One example of a BTP item is a memory card, which may contain many parts such as a printed circuit board, integrated circuits, resistors, capacitors, etc. Once a BTP item is manufactured, it is put into inventory under the BTP part number. In similar fashion, Configure-to-Order (CTO) items may contain multiple BTP items. One example of a CTO item is a System i™ integrated business system manufactured by IBM Corporation. A CTO item typically includes many BTP items.
Some CTO items may have common characteristics that allow partially building a common assembly that may be used as a starting point for many different CTO items. For example, most System i platforms may include a common chassis, a common motherboard, a common processor, a common power supply, and a common memory card.
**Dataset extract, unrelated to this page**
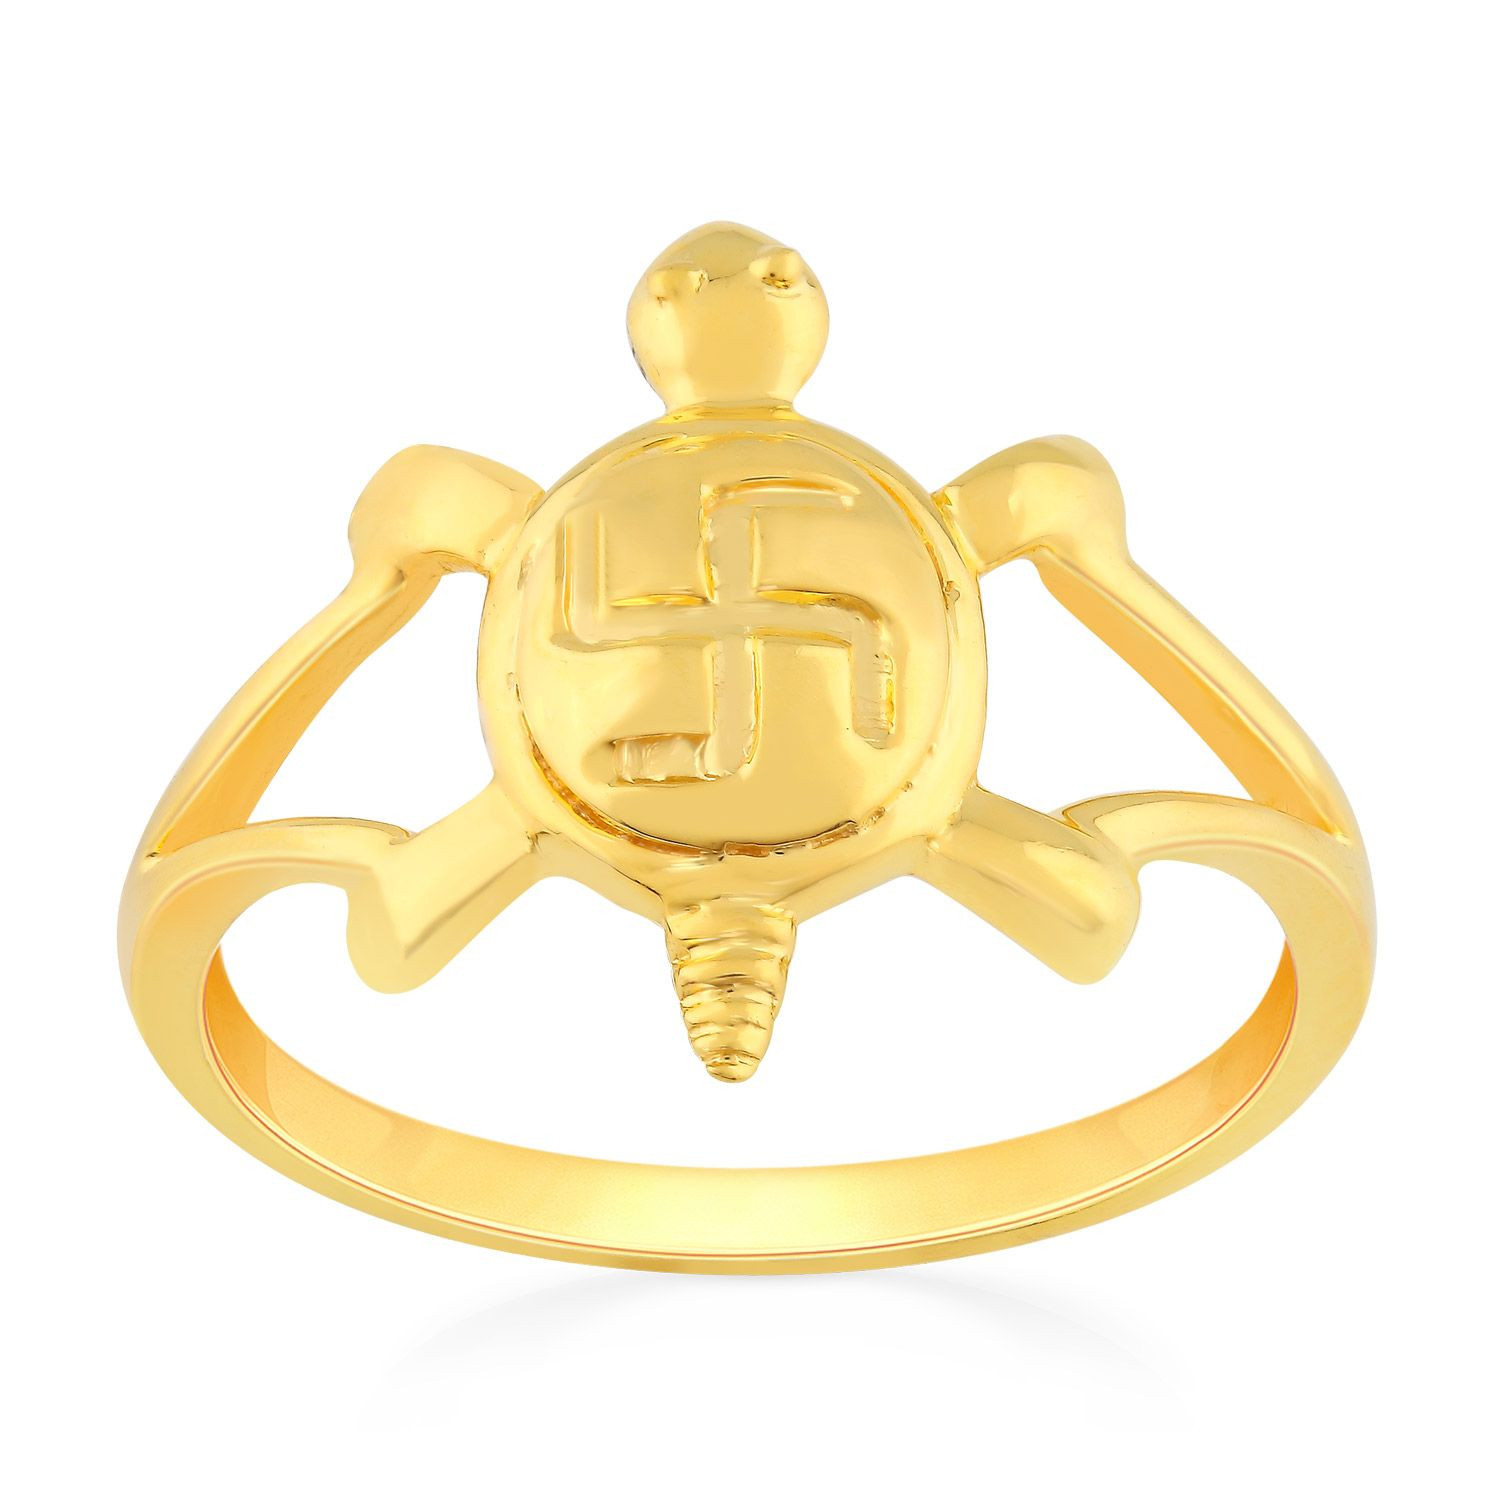 Malabar 22 KT Gold Studded Casual Ring FRNOSKY607

To help expedite the manufacturing process, an assembly that includes these common BTP items could be defined so the assembly may be manufactured and tested in advance, then additional BTP items may be added as specified in a CTO order. Thus, the example assembly above with the five BTP items (chassis, motherboard, processor, power supply, memory card) could be used as a starting point for many different CTO orders, thereby streamlining the process of building CTO items. This assembly is given a part number, and future CTO items may then be built using the part number of the assembly as a starting point.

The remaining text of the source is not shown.